- 
                Notifications
    You must be signed in to change notification settings 
- Fork 139
Sparkler Usage
Once you have Sparkler installed and configured you can kick off your first crawl. There are various command line flags to help you do this.
./sparkler.sh inject -su bbc.co.uk -id test
./sparkler.sh crawl -id test
This example basically says crawl bbc.co.uk and label the id test. The id is optional, if you don't supply it then you'll get a custom job id in return.
Crawls are always in 2 steps, the inject phase just preseeds the database. Then the crawl phase iterates through the seeded urls and populates the database with the crawl results.
The default configuration file is in the conf directory named, sparkler-default.yaml. In here you will find sensible defaults for most things. You can set various plugins, headers, kafka config and more.
The main place to tweak settings is the fetcher properties. In here you can set the server delay, which is the pause between crawl requests, this stops Sparkler spamming the servers causing undue load and also trying to make us look a little less like a robot.
You can also set fetcher headers, in here are the standard headers that get sent with the request to make you look like a browser.
You can also enable the fetcher.user.agents property which will cycle through the headers in the file.
You enable plugins by editing the plugins.active block. This list of plugins is the defaults shipped with Sparkler and you can enable or disable any of the supplied plugins by adding or removing the # comment symbol.
Enabled by default are the urlfilter-regex and urlfilter-samehost.
These plugins provide a couple of sensible function that allow Sparkler to crawl without downloading the world. Regex will filter out some urls and links it picks up so it doesn't download loads of useless stuff. Samehost will, by default, ensure your crawl is limited to the same domain.
This plugin does what it says on the tin, ensures the crawl is limited to the same host, so that you don't end up in a completely different domain, crawling completely different stuff. Of course, you may want that, in which case disable this plugin.
This url provides more flexiblity over the samehost plugin. Out of the box it will prevent a number of file urls being picked up, so for example, you don't crawl PDFs, videos, images etc. It also filters out ftp sites and mailto addresses, infinite loops and local files.
To adjust the regex, you can simply edit the regex-urlfilter.txt file which manages all the regex expressions that are required for matching.

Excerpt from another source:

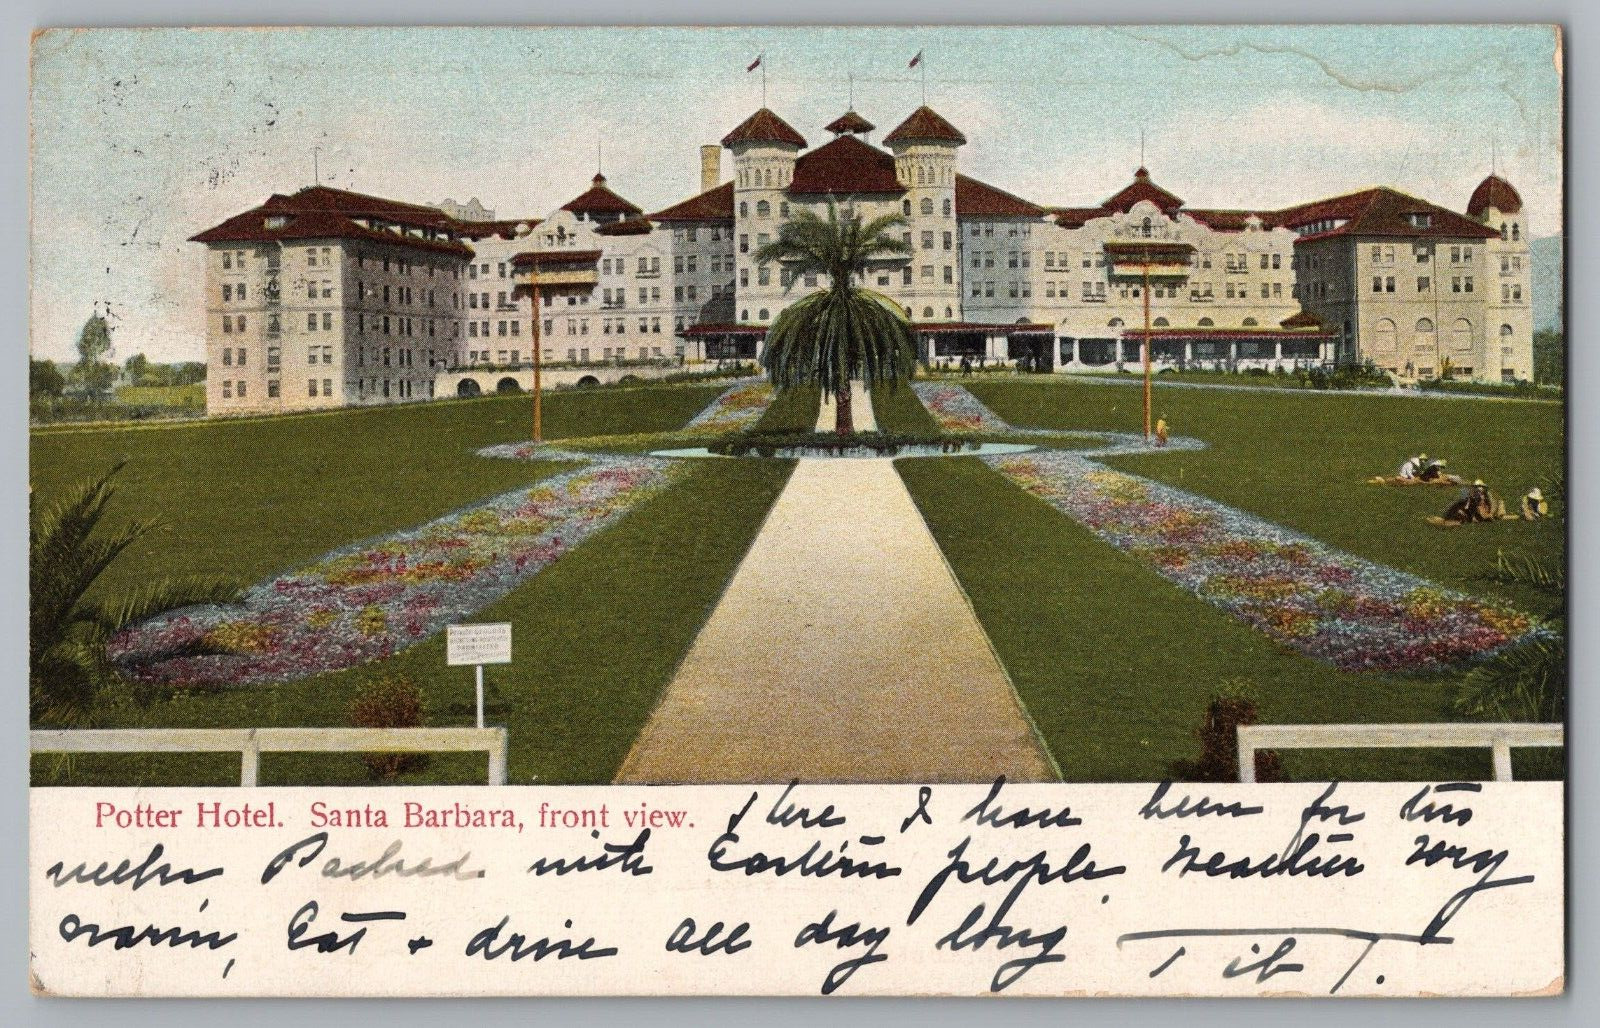 Potter Hotel, Santa Barbara, California c1906 Postcard

Also supplied with Sparkler is the fetcher htmlunit plugin. This plugin is a slightly different browser backend that allows you to crawl sites using a different engine. If you find the basic default(fastest) crawler doesn't work, then have a look at this one, and if this doesn't work checkout the other plugins below for more support.
Fetcher Chrome is a plugin that allows you to run crawls using a full chrome headless browser. This uses the Selenium engine to drive the browser and so the easiest way to do this is using the browserless/chrome docker image and pointing Sparkler at that. You can of course run your own, but this is tried and tested.
There are various settings you can configure to alter the default behaviour.
Firstly there is the chrome.dns setting. This allows users to set the IP address of the Chrome instance.
Then there is chrome.proxy.address. Because Selenium is a user interaction emulator it doesn't return http status codes, header information etc, to fix that problem we run the browserup proxy. If you don't provide an address is will launch a local proxy, configure it appropriately and run it in the Sparkler instance. If you require more flexibility, you can launch your own Browserup proxy and then point this configuration variable at it.
Lastly there are a number of selenium configuration options. This allows users to hit a site, let it render, then interact with that site before grabbing the output. This might allow you to enter something in a search box, click a button, filter a list, whatever. The syntax is reasonably strict, it understands click and keys and within that id, class and the pointer names. You can also set the chrome.wait.element. This is because you may be waiting on a specific element to be rendered before grabbing the text. If your site load is asyncronous, it will not wait for those elements to load and you will end up with a semi rendered state. To resolve this you can set the wait element and it will wait for that element to render before running the scrape. You can also set the wait type and the timeout when configuring this option.